First we need to convert the categorical columns into numeric as we cannot feed the columns with string values to our ML model. so here we shall use Label Encoding to convert string values to numeric

In [None]:
from sklearn.preprocessing import LabelEncoder
labelencoder = LabelEncoder()
data['job']=labelencoder.fit_transform(data['job'])
data['marital']=labelencoder.fit_transform(data['marital'])
data['education']=labelencoder.fit_transform(data['education'])
data['default']=labelencoder.fit_transform(data['default'])
data['housing']=labelencoder.fit_transform(data['housing'])
data['loan']=labelencoder.fit_transform(data['loan'])
data['contact']=labelencoder.fit_transform(data['contact'])
data['month']=labelencoder.fit_transform(data['month'])
data['poutcome']=labelencoder.fit_transform(data['poutcome'])
data['deposit']=labelencoder.fit_transform(data['deposit'])

Let's see our dataset once after encoding 

In [None]:
data

Splitting dataset into features and label

In [None]:
data.columns

In [None]:
features = ['age', 'job', 'marital', 'education', 'default', 'balance', 'housing',
       'loan', 'contact', 'day', 'month', 'duration', 'campaign', 'pdays',
       'previous', 'poutcome']
label = ['deposit']

In [None]:
X = data[features]
y = data[label]

Splitting our dataset into train and test

In [None]:
from sklearn.model_selection import train_test_split
X_train,X_test, y_train,y_test=train_test_split(X,y,test_size=0.33,random_state=42)


Scaling of fhe data

In [None]:
from sklearn.preprocessing import StandardScaler
sc=StandardScaler()

X_train = sc.fit_transform(X_train)
X_test = sc.transform(X_test)

In [None]:
X_train

In [None]:
X_test

**XGboost classifier algorithm**

In [None]:
#train XGBoost model
import xgboost
from sklearn.metrics import accuracy_score
#model = xgb.XGBClassifier()
xgb = xgboost.XGBClassifier(n_estimators=100, learning_rate=0.08, gamma=0, subsample=0.75,
                           colsample_bytree=1, max_depth=7)
xgb.fit(X_train,y_train.squeeze().values)
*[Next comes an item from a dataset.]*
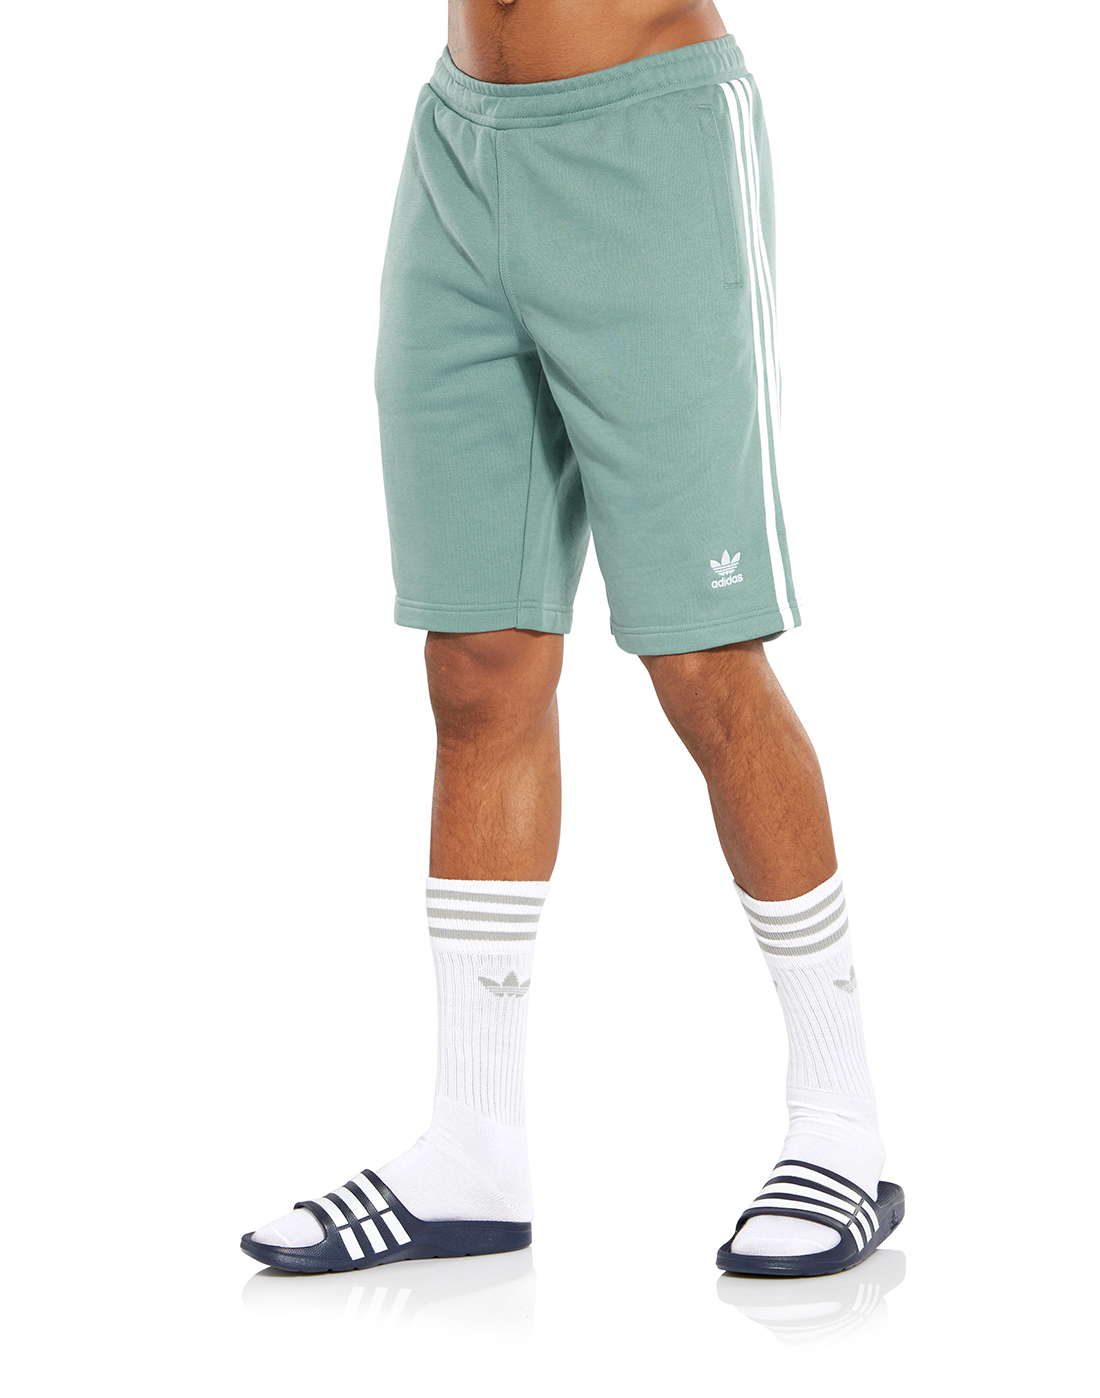 adidas green shorts mens
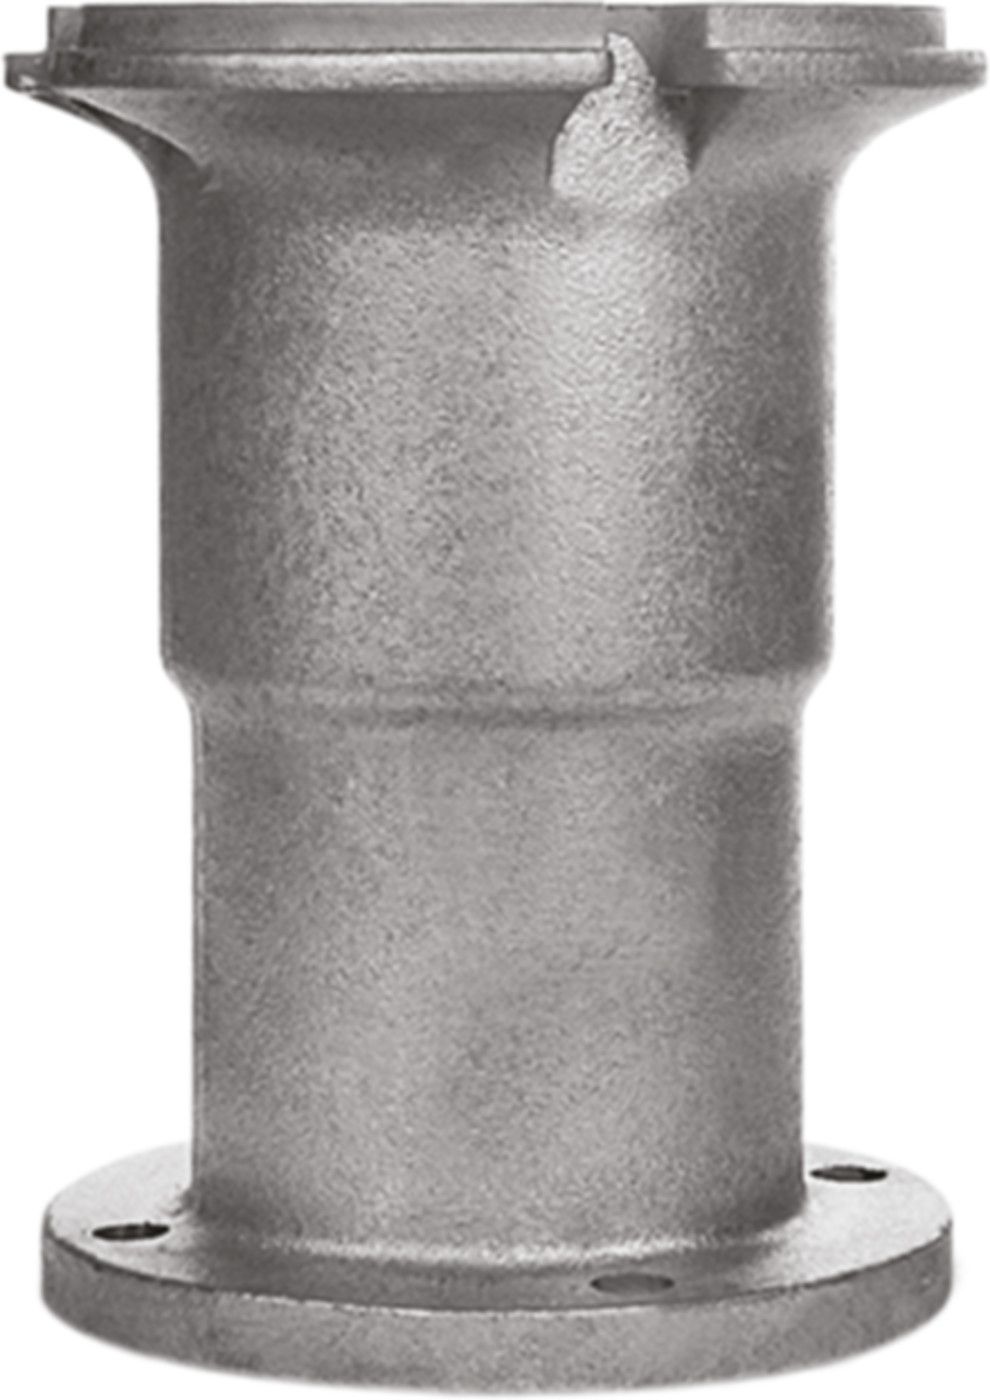 Obere Hydrantenverlängerung Fig. 7990 mit Spindelverlängerung H = 500mm - Von Roll Hydrantenzubehör

#calculate and print scores for the model for top 15 features
y_train_preds = xgb.predict(X_train)
y_test_preds = xgb.predict(X_test)

print('XGB accuracy score for train: %.3f: test: %.3f' % (
        accuracy_score(y_train, y_train_preds),
        accuracy_score(y_test, y_test_preds)))

In [None]:
from sklearn.metrics import f1_score, roc_auc_score,accuracy_score,confusion_matrix, precision_recall_curve, auc, roc_curve, recall_score, classification_report 
classification_report = classification_report(y_test, y_test_preds)
print(classification_report)

so we get an accuracy of **85%**. F1 scores show that the model is performing quite well. So it's good.

In [None]:
cm = confusion_matrix(y_test, y_test_preds)
cm

In [None]:
predicted_probab_log = xgb.predict_proba(X_test)
predicted_probab_log = predicted_probab_log[:, 1]
fpr, tpr, _ = roc_curve(y_test, predicted_probab_log)

**ROC-AUC curve**

In [None]:
from matplotlib import pyplot
pyplot.plot(fpr, tpr, marker='.', label='')
pyplot.xlabel('False Positive Rate')
pyplot.ylabel('True Positive Rate')
pyplot.legend()
pyplot.show()

**Some recommendations for future marketting campaigns**
* The customer's account balance has a huge influence on the campaign's outcome. People with account balance above 1490$ are more likely to subscribe for term deposit, so future address those customers.

* The customer's age affects campaign outcome as well. Future campains should concentrate on customers from age categories below 30 years old and above 50 years old.

* Number of contacts with the customer during the campaign is also very important. The number of contacts with the customer shouldn't exceed 4.